The German Research Foundation (DFG) today announced the establishment of a new Collaborative Research Centre/Transregio (TRR) on the topic of "Explainability of Artificial Intelligence (AI)" at the Universities of Paderborn and Bielefeld. Over the next four years, it will provide around 14 million euros in funding for this. The strongly interdisciplinary research programme entitled "Constructing Explainability" goes beyond the question of explainability of AI as the basis of algorithmic decision-making. The approach promotes the active participation of people in socio-technical systems. The aim is to improve human-machine interaction, to focus on the understanding of algorithms and to investigate this as a product of a multimodal explanatory process. The four-year funding starts on 1 July.
Artificial intelligence is now an integral part of modern life - it sorts out job applications, reviews X-rays and suggests new song lists. Algorithmic decision-making is the basis for such processes. "Citizens have a right to have algorithmic decisions made transparent. The goal of making algorithms accessible is at the core of so-called eXplainable Artificial Intelligence (XAI), which focuses on transparency, interpretability and explainability as desired outcomes," says Prof. Dr. Katharina Rohlfing, spokesperson of the new Collaborative Research Centre. "The problem is that in our digital society, algorithmic approaches such as machine learning are rapidly increasing in complexity. Opacity is a serious problem in all contexts, but especially when people have to make decisions on this opaque basis," adds Prof. Dr. Philipp Cimiano as deputy spokesperson.

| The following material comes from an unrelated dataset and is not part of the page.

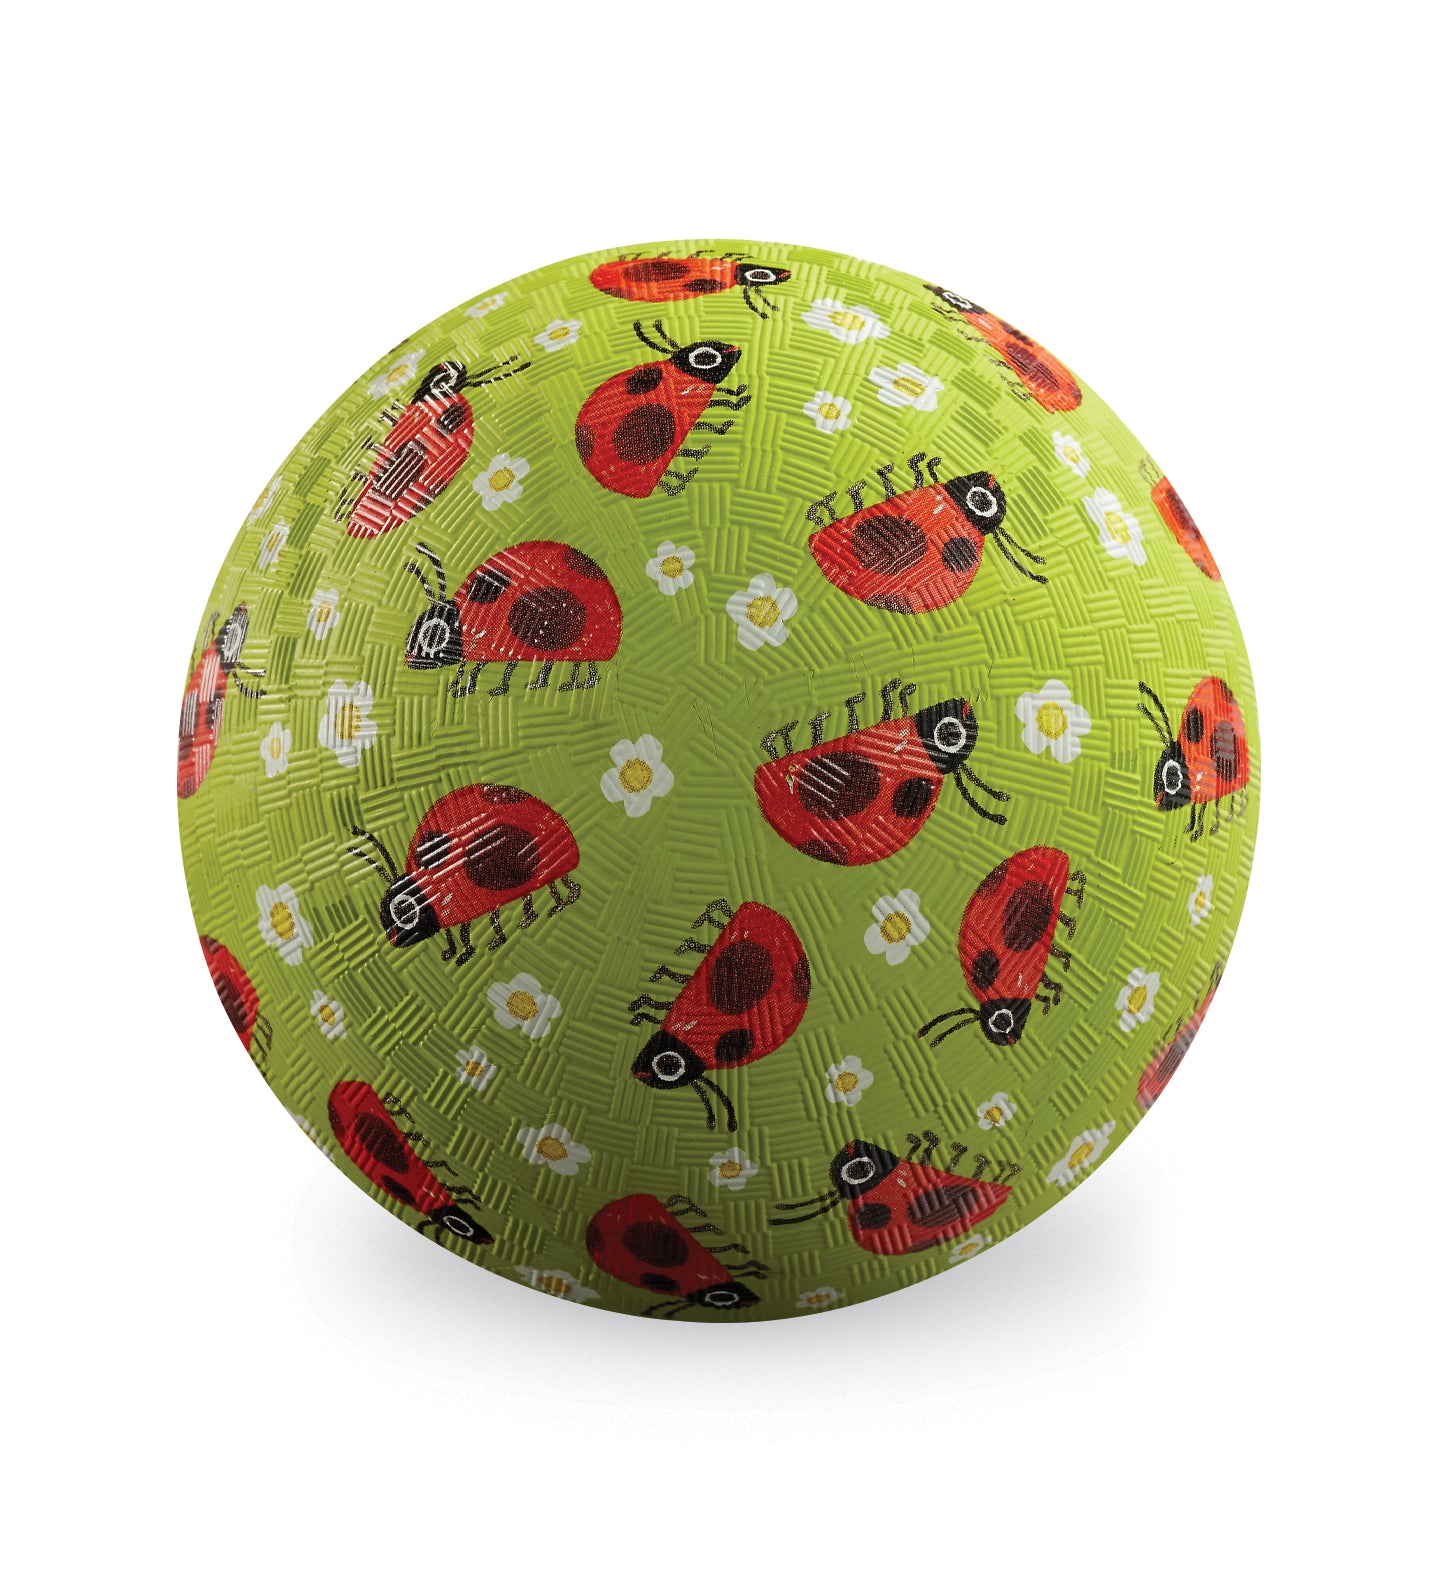 5" Playground Ball - Ladybugs

Especially when it comes to predictions in the field of medicine or jurisprudence, it is necessary to understand machine-controlled decision-making, Cimiano continues. Although there are already approaches that focus on the explainability of corresponding systems, the explanations that emerge presuppose knowledge about how AI works. What is missing, according to Cimiano and Rohlfing, are concepts for the co-construction of explanations, in which the addressees - i.e. the humans - are more strongly involved in the AI-controlled explanation process.

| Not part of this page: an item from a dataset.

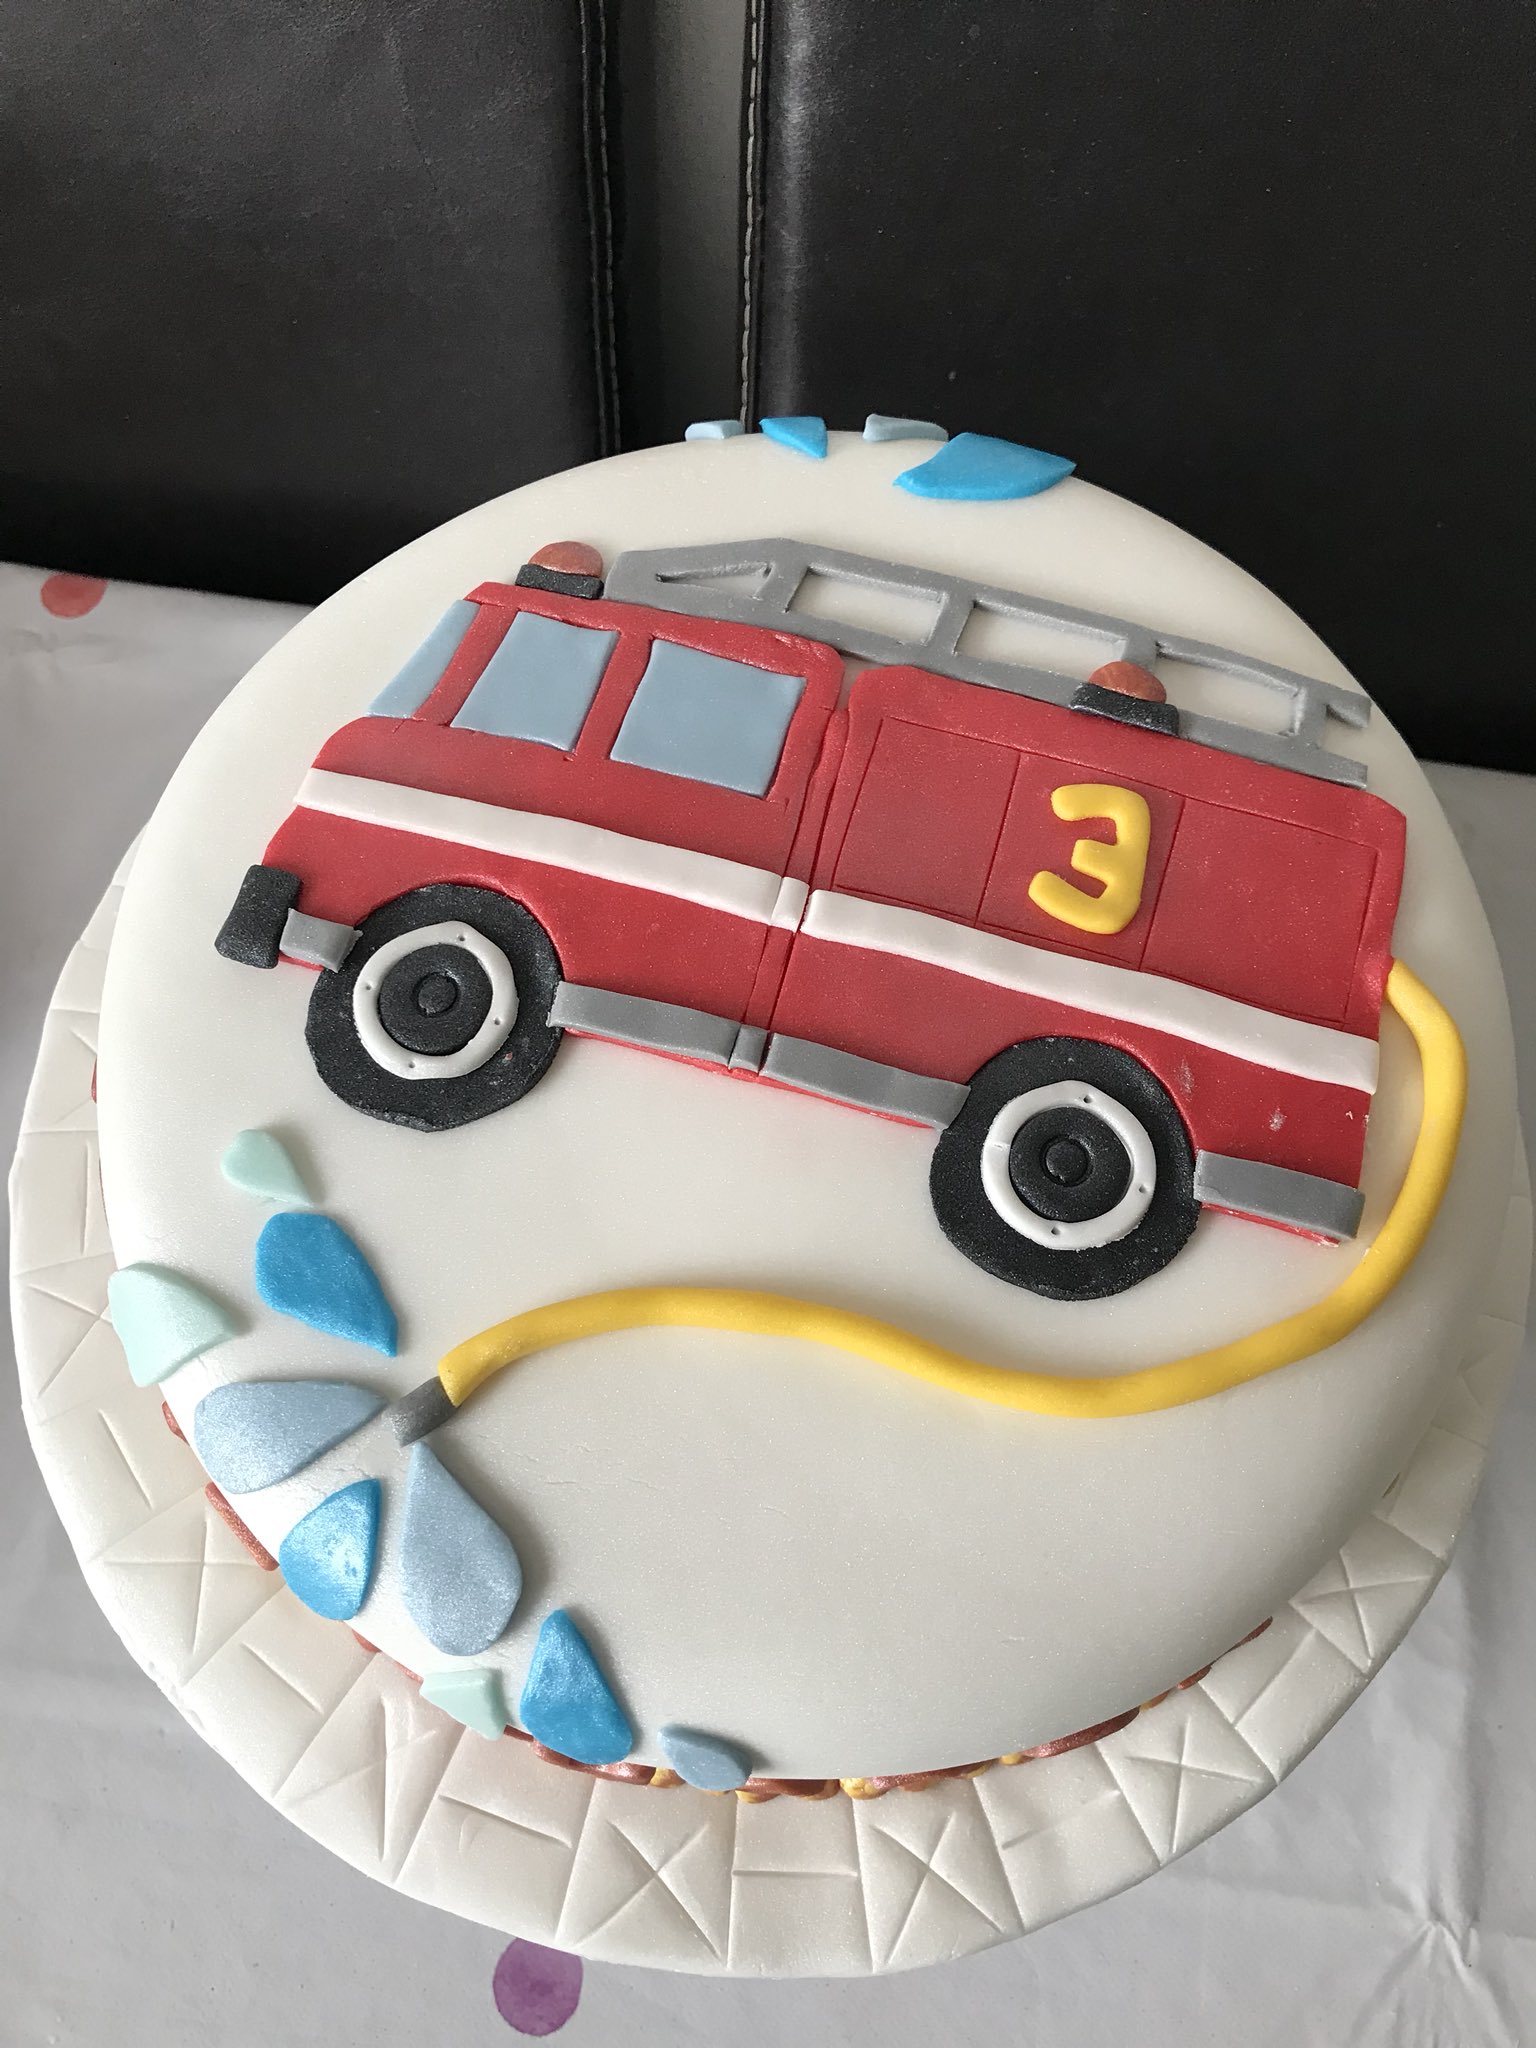 Fire Truck Cake Topper, Fondant, Handmade Edible, Firetruck cake decorations,  car transportation birthday cake, emergency services cake

Rohlfing explains: "In our approach, we assume that explanations are only comprehensible for the users if they are not only created for them, but also with them. In explanations among people, this is ensured by the exchange between the participants, who can ask questions and express incomprehension." In an interdisciplinary team, linguists, psychologists, media researchers, sociologists, economists and computer scientists are working closely together to explore the principles and mechanisms of explanation and understanding as social practices and how these can be implemented in AI systems. Furthermore, the team explores how the co-construction of explanations in the interplay between humans and machines establishes new social practices and how these impact society.
The approach is intended to provide new answers to social challenges related to artificial intelligence. At its core, it is about human participation in socio-technical systems, which also promotes users' information sovereignty. "Our goal is to create new forms of communication with AI systems that can really be explained and understood, thus enabling new forms of assistance," Rohlfing summarises.